The story of your childhood is amazing and heartbreaking. Yet there were many times when God clearly seemed to be protecting you (like with the older brother in your foster family who made homosexual advances, but stopped when he figured out you weren't interested). When you look back, do you see pain, or grace, or a mixture of both?
Mostly grace. There is pain, but it really is not the focal point of my experience. I felt God’s grace even in the lonely moments. I did not understand it as I would today, but I felt God was with me as a child.
What was your dearest hope as a child?
To feel loved.
I was struck by the fact that so many of the things you yearned for were simple—a homemade breakfast of bacon and eggs, a baseball glove, a hug from your father. What would your advice be to parents about the things that really matter—extravagant gestures or small signs of love?

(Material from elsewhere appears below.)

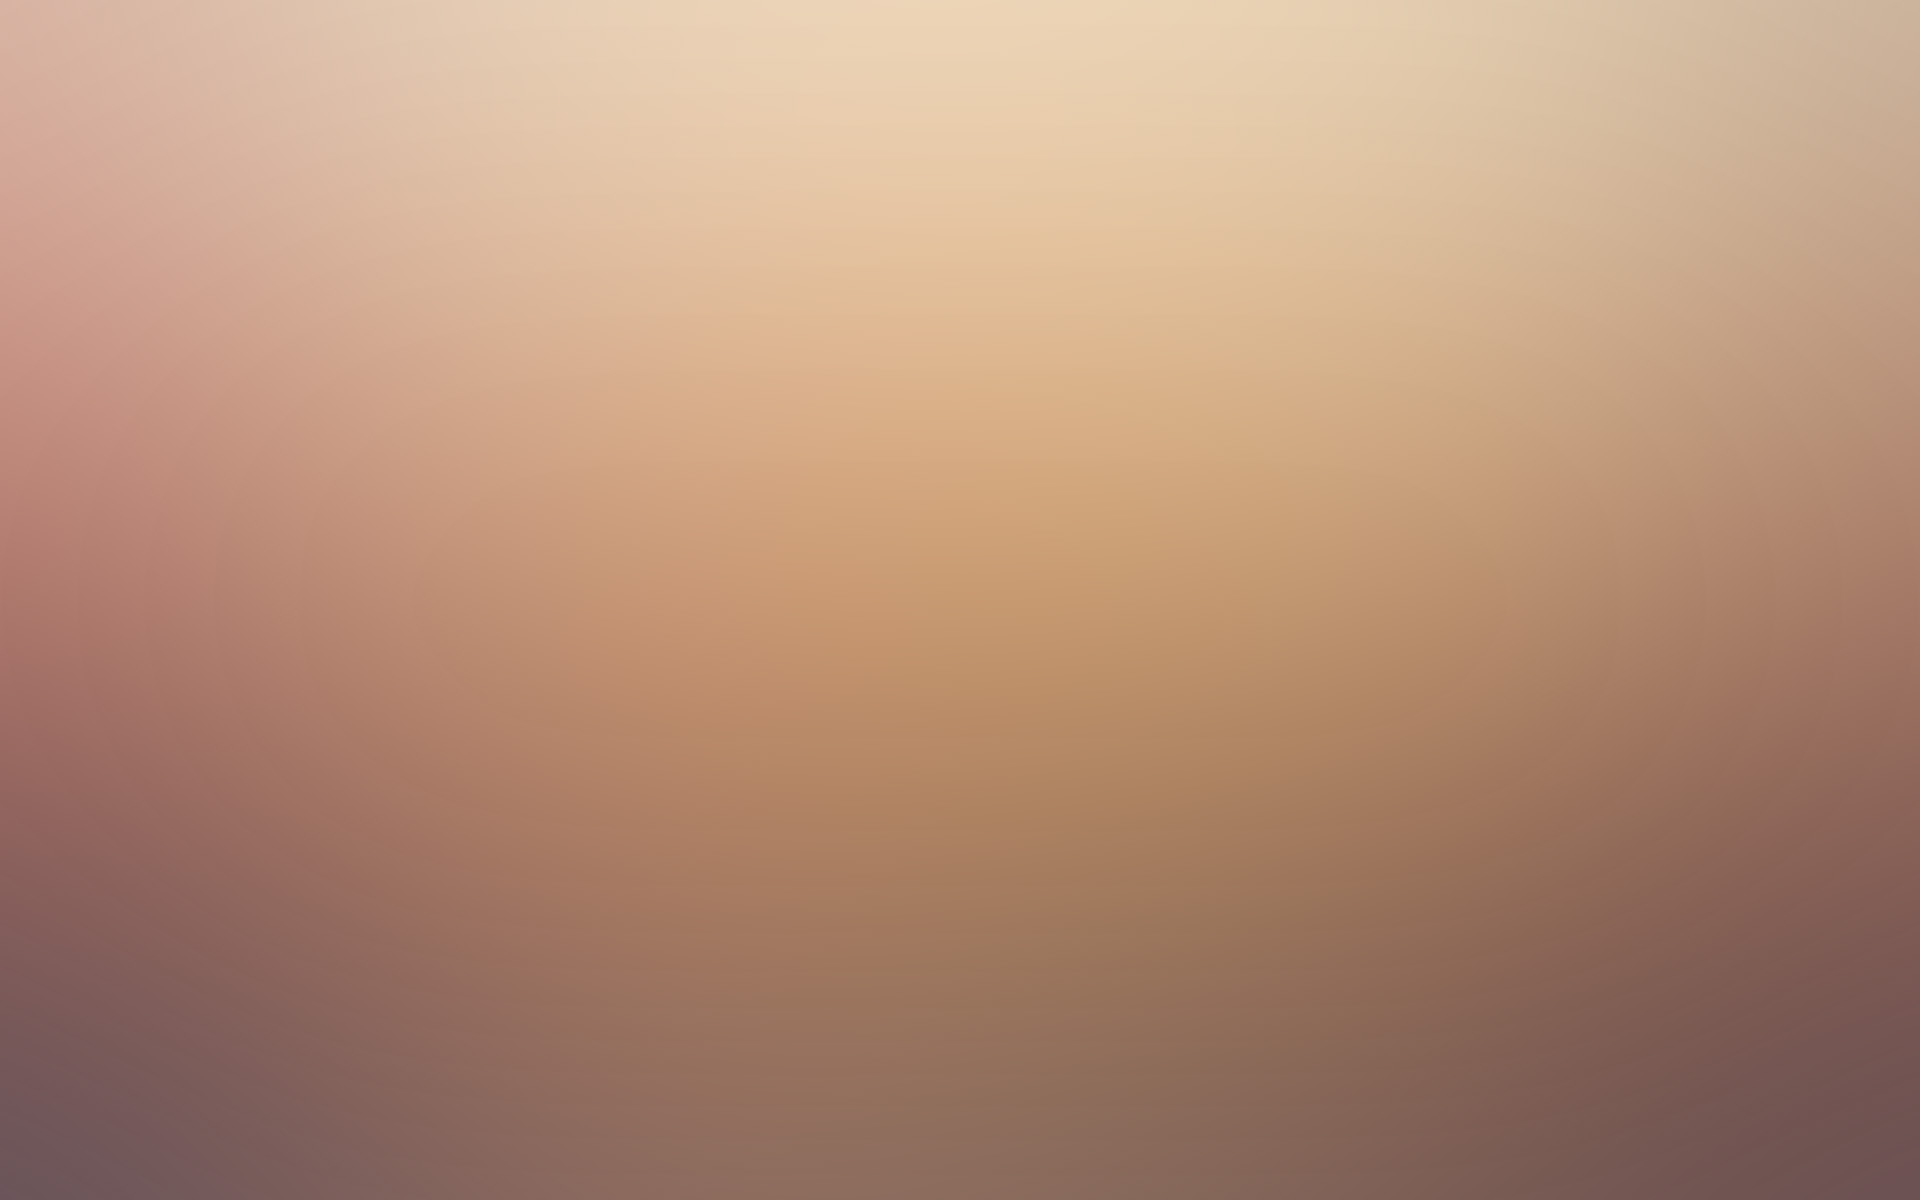 best-blurred-background-wallpaper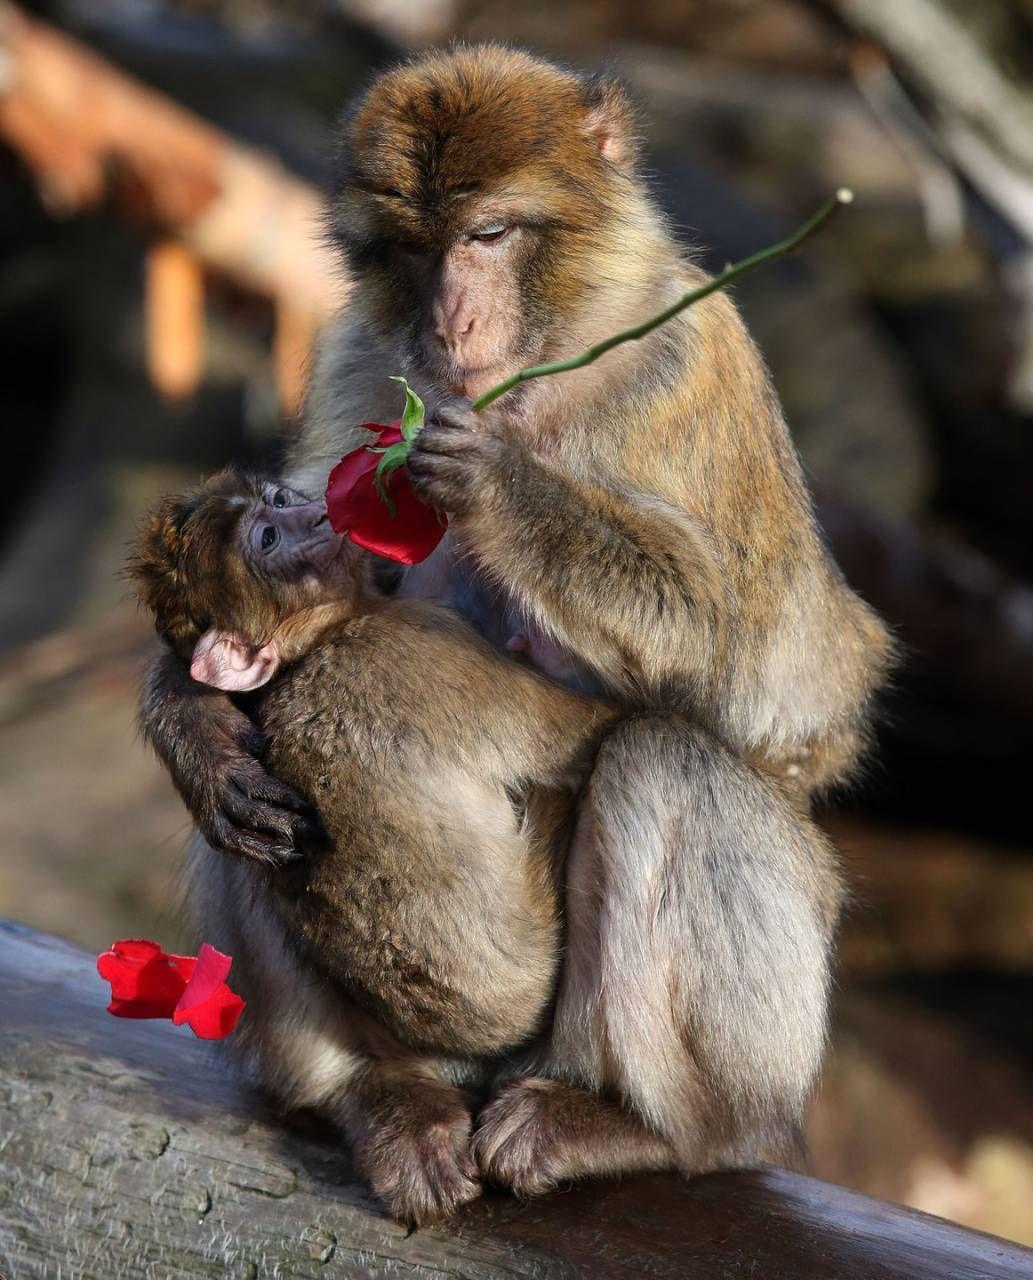 Festa Di San Valentino Le Frasi D Amore Più Romantiche Tra Film E

Everyday small signs of love…with the occasional “wow” factor.
Do you think your childhood uniquely prepared you for running Focus on the Family?
I think so. Simply put, I care about the family. It is the bedrock of what we learn and the character within us.
Humanly speaking, it would seem that the best person to fill a job like mine would have a background similar to Dr. Dobson’s. But it is clear that the Lord has ordered my steps, and I have felt and continue to feel His presence on every step of this exciting journey.